Patzak studied composition and conducting in Vienna, and was originally a church musician. In 1926, he made his debut as a
self-taught tenor; after one season each in Liberec/Reichenberg and Brno/Brünn, he was one of the leading tenors of the
Bavarian State Opera Munich from 1928 to 1945, and of the Vienna State Opera from 1946 to 1959; he retired in 1966. Guest
appearances: Salzburg festival (many, many appearances from 1938 to 1953), Covent Garden (several times from 1938 to 1954),
Rome, Florence, Amsterdam, Antwerp, Stockholm, Copenhagen, Strasbourg, Budapest, Prague.
His repertory was incredibly wide and varied, from Bach to Britten, from Adam in Zeller's Vogelhändler to German, from
David to Bacchus, from Nureddin to Luigi, opera, operetta, lied, oratorio. He was considered a specialist for Mozart, Schubert
and Wolf, his most successful operatic roles were Florestan, Matthias (Der Evangelimann by Kienzl) and Palestrina, besides his
Mozart of course: Belmonte, Tito, Tamino.
I used to be convinced that his transparent, thin, airy voice was small (and his records still leave me with that impression),
but that's wrong, totally wrong. I realized when I had the chance to view a rare, early, unpublished Austrian TV production of
Salome, with Patzak as Herodes and Hans Hotter as Jochanaan, basically a live performance in a TV studio. Now I can tell from
personal experience that Hotter had a voice of almost frightening volume – certainly the largest voice that I've ever
heard in a theater. And in that TV Salome, it became clear that Patzak's voice was hardly smaller than Hotter's!! So what he was
lacking in heft, steel and edge, he made up for by volume, which explains how he could sing German, Grigorij, Kaiser or Bacchus.
To judge Patzak's singing is difficult for me: his diction distracts me to the extent of having to back out.

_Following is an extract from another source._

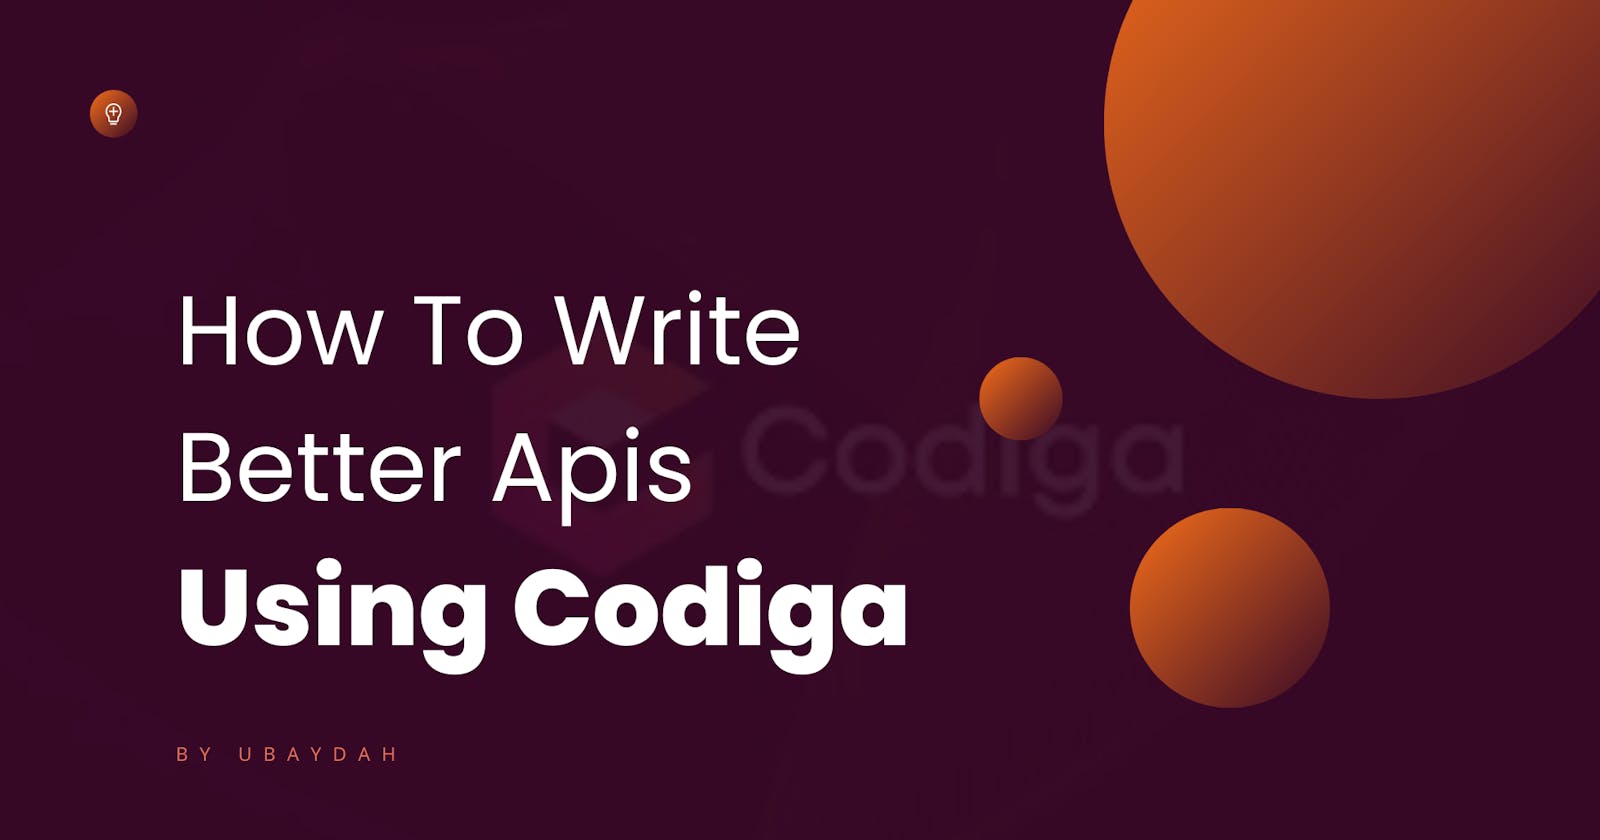 How To Write Better APIs Using Codiga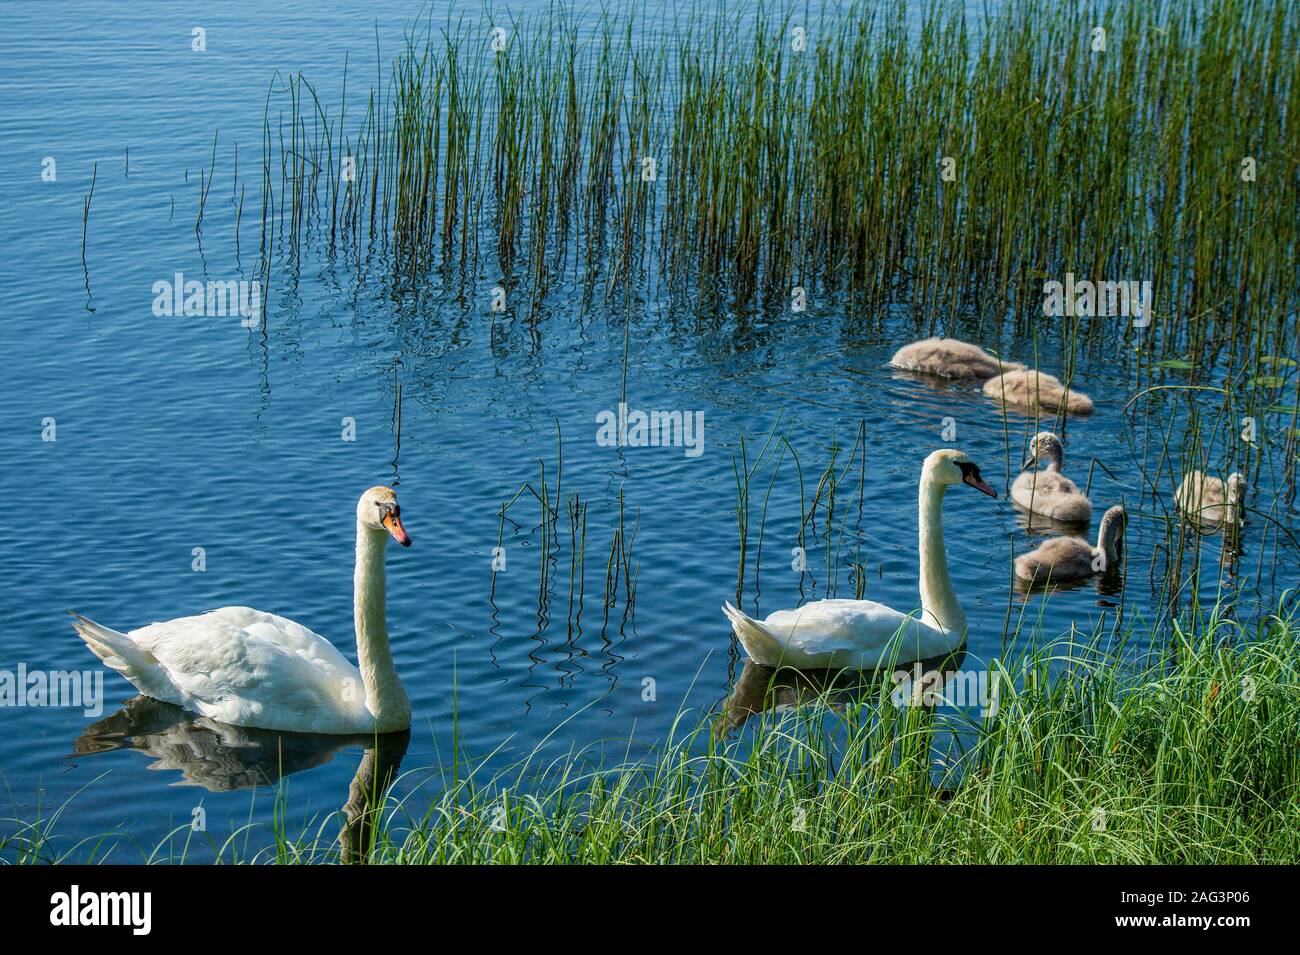 La famille Swan nageant sur un étang bleu entouré d'une grande herbe verte. Banque D'Images

I think for anyone
familiar with the Viennese dialect, it's impossible to take Patzak seriously, i. e. to find him credible in any serious music.
It's admittedly fascinating, to some extent, to hear such a pure, original Viennese dialect, long since superimposed by the
urban slang of a large modern city. Karl Terkal spoke the same lower-class
Viennese dialect in real life – but had a beautiful, impeccable German diction when singing. Patzak, in sharp
contrast, never learned proper German; he uses those flat, chewed, stretched-out vowels and almost irrecognizably soft
consonants that one would expect from a Vienna marketer or innkeeper also when singing Verdi or Massenet. He even uses them when
singing Italian!! That pronunciation may be endearing in the right kind of music, but it inevitably makes your funnybone tickle
if you listen to some tragic or dramatic aria, and have to think of Ottakring all the time (Ottakring is the paradigmatic
proletarian district of Vienna where such a diction is, or was, at home).
Of course, Patzak was really great when singing popular Viennese songs, or selections from those theatrical comedies with
incidental music that were such a beloved genre in 19th century Vienna. In opera, I admit that he was a great Herodes and Mime;
everything else is, I guess, only for those who don't understand German.